And the storage module is used for storing the pixel data and the gradient, dividing the pixel data into four prediction units with different sizes, inputting the prediction units into the first parallel module and the second parallel module, and sending the gradient to the first parallel module.

A first parallel module comprising: a gradient calculation unit 110 and a plurality of PU calculation units (121 to 12 n).

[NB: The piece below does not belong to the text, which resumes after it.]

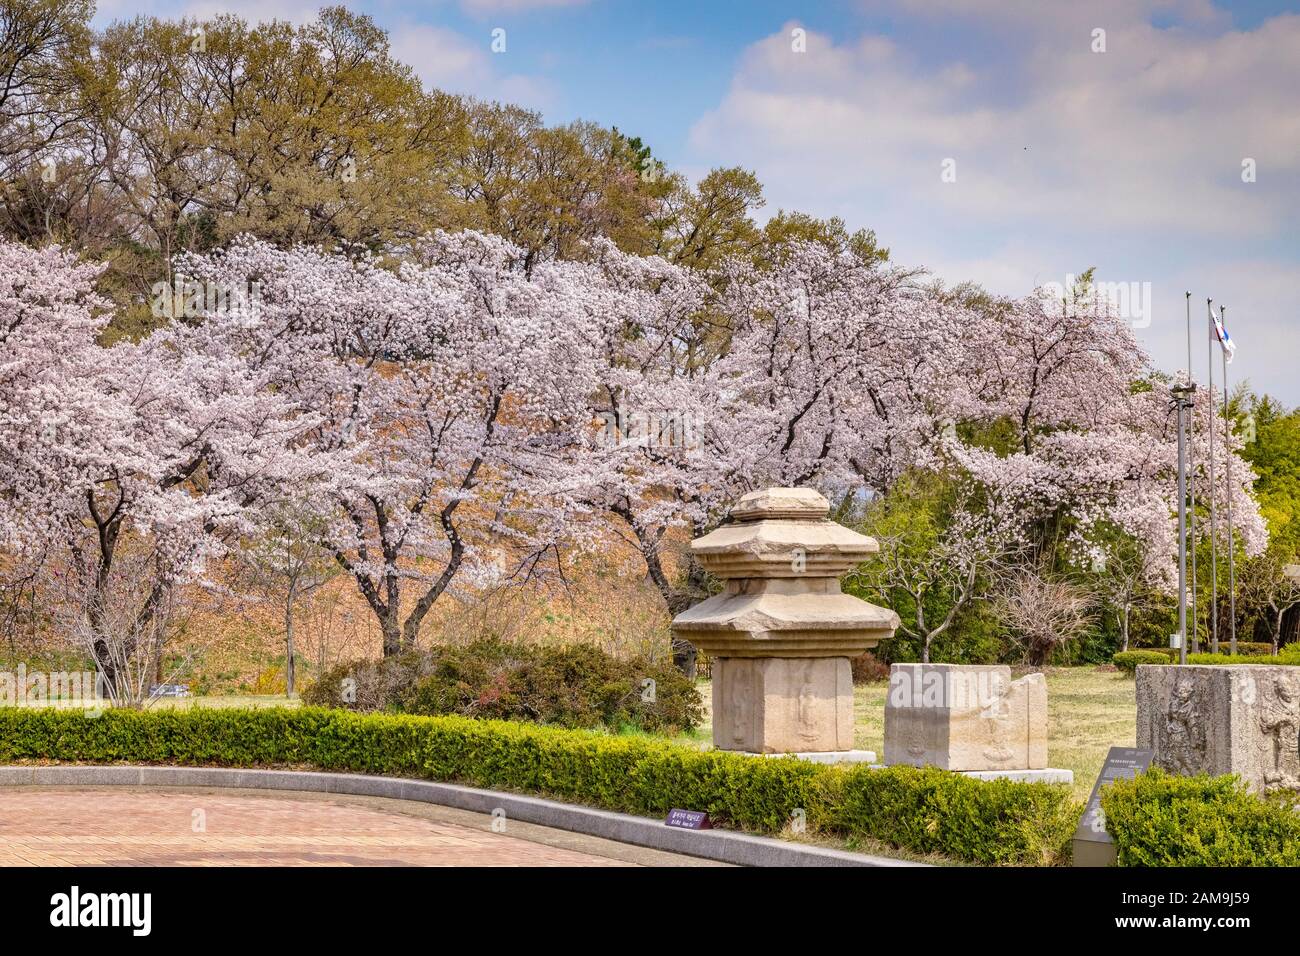 31 marzo 2019: Gyeongju, Corea del Sud - i fiori di ciliegio e i blocchi di pietra scolpiti nei giardini del Museo Nazionale di Gyeongju. Foto Stock

The gradient calculation unit is used for calculating gradients of the prediction units with three different sizes and sending the gradients to the storage module. And the PU computing units are all used for determining an optimal intra-frame prediction mode corresponding to the prediction units with three sizes according to the gradient and sending the optimal intra-frame prediction mode to the comparison output module.

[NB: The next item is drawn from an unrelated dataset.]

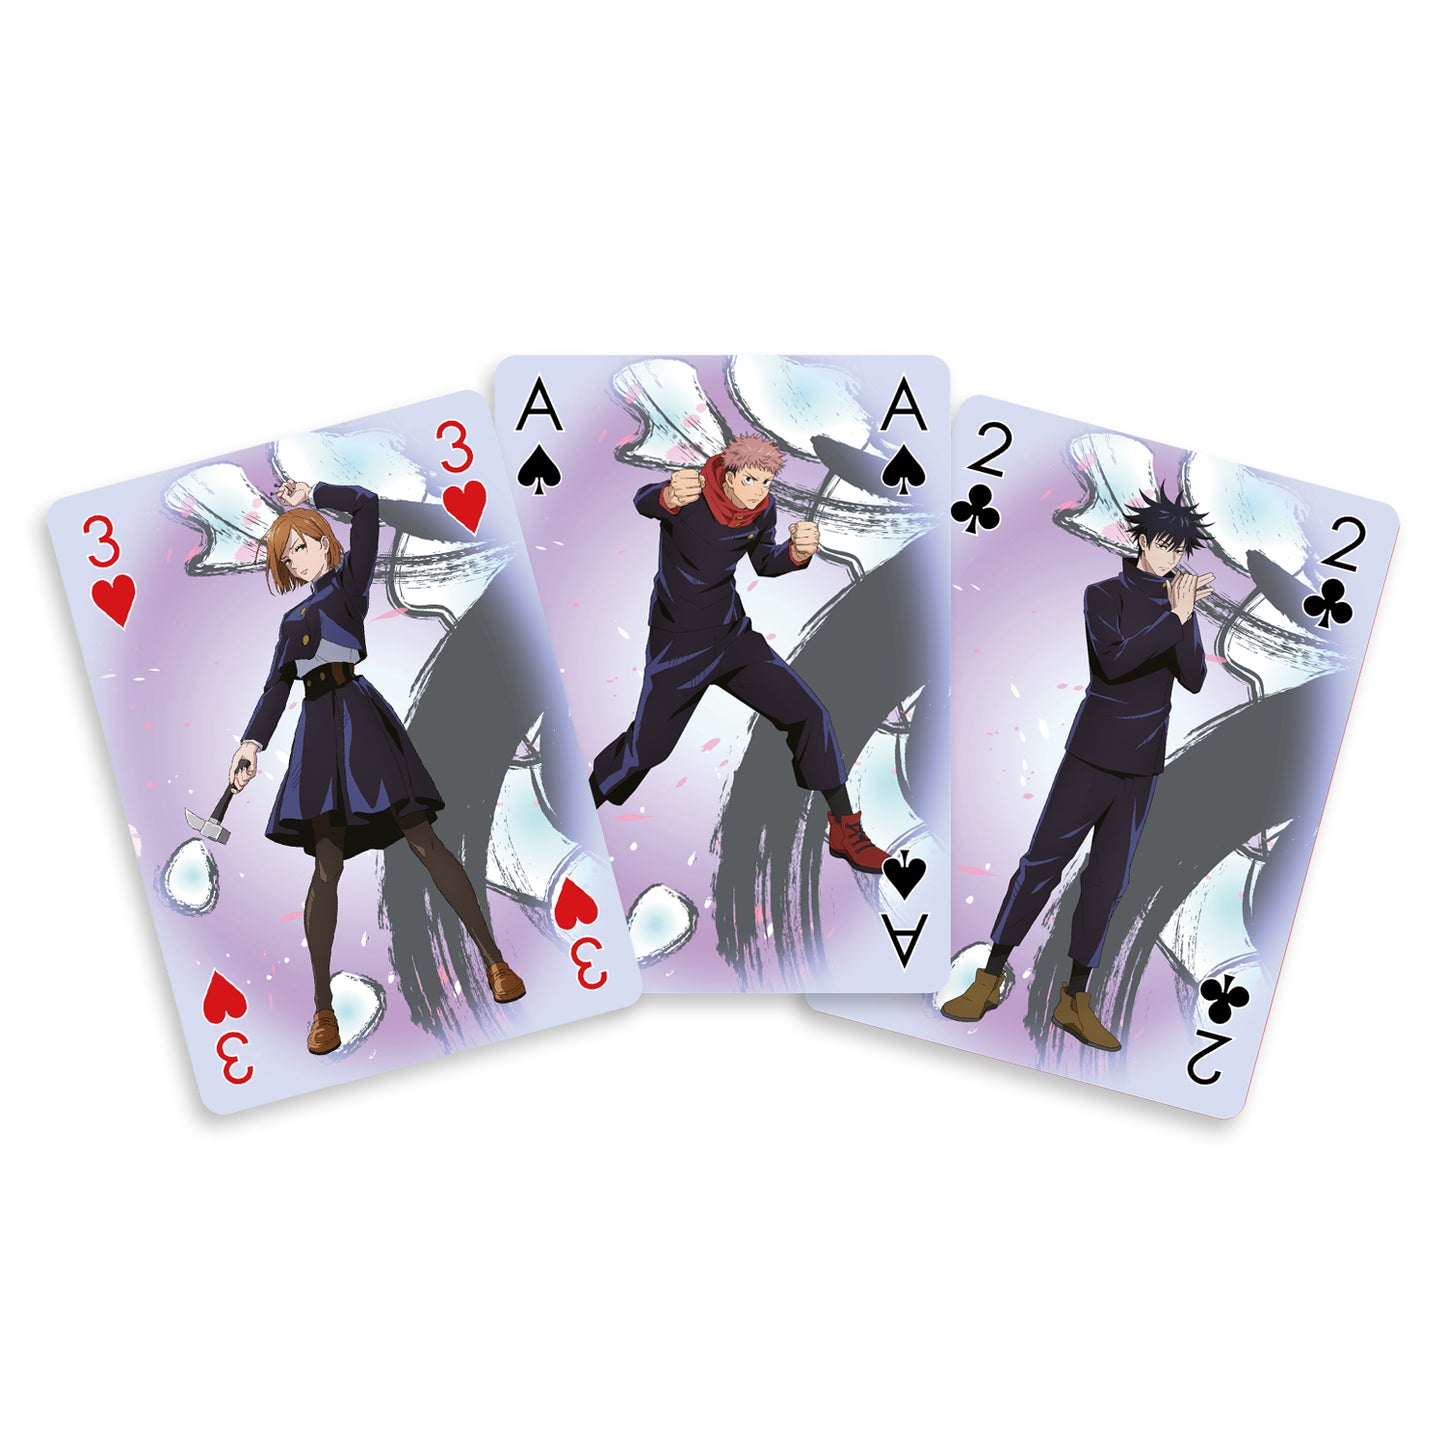 Playing Cards - Jujutsu Kaisen

And the second parallel module is used for determining the optimal intra-frame prediction mode of the prediction unit with each size according to the rough mode decision, the prediction mode bit number and the mode decision and outputting the optimal intra-frame prediction mode to the comparison output module.

And the comparison output module is used for comparing the received multiple optimal intra-frame prediction modes and outputting an optimal intra-frame prediction mode.

As shown in fig. 2, the memory module includes: a pixel storage unit 310 and a gradient storage unit 320.

A pixel storage unit for dividing pixel data into four different sized prediction units, the four different sized prediction units comprising: a first size prediction unit, a second size prediction unit, a third size prediction unit, and a fourth size prediction unit; and sending the first size prediction unit, the second size prediction unit and the third size prediction unit to the gradient calculation unit, and sending the fourth size prediction unit to the second parallel module.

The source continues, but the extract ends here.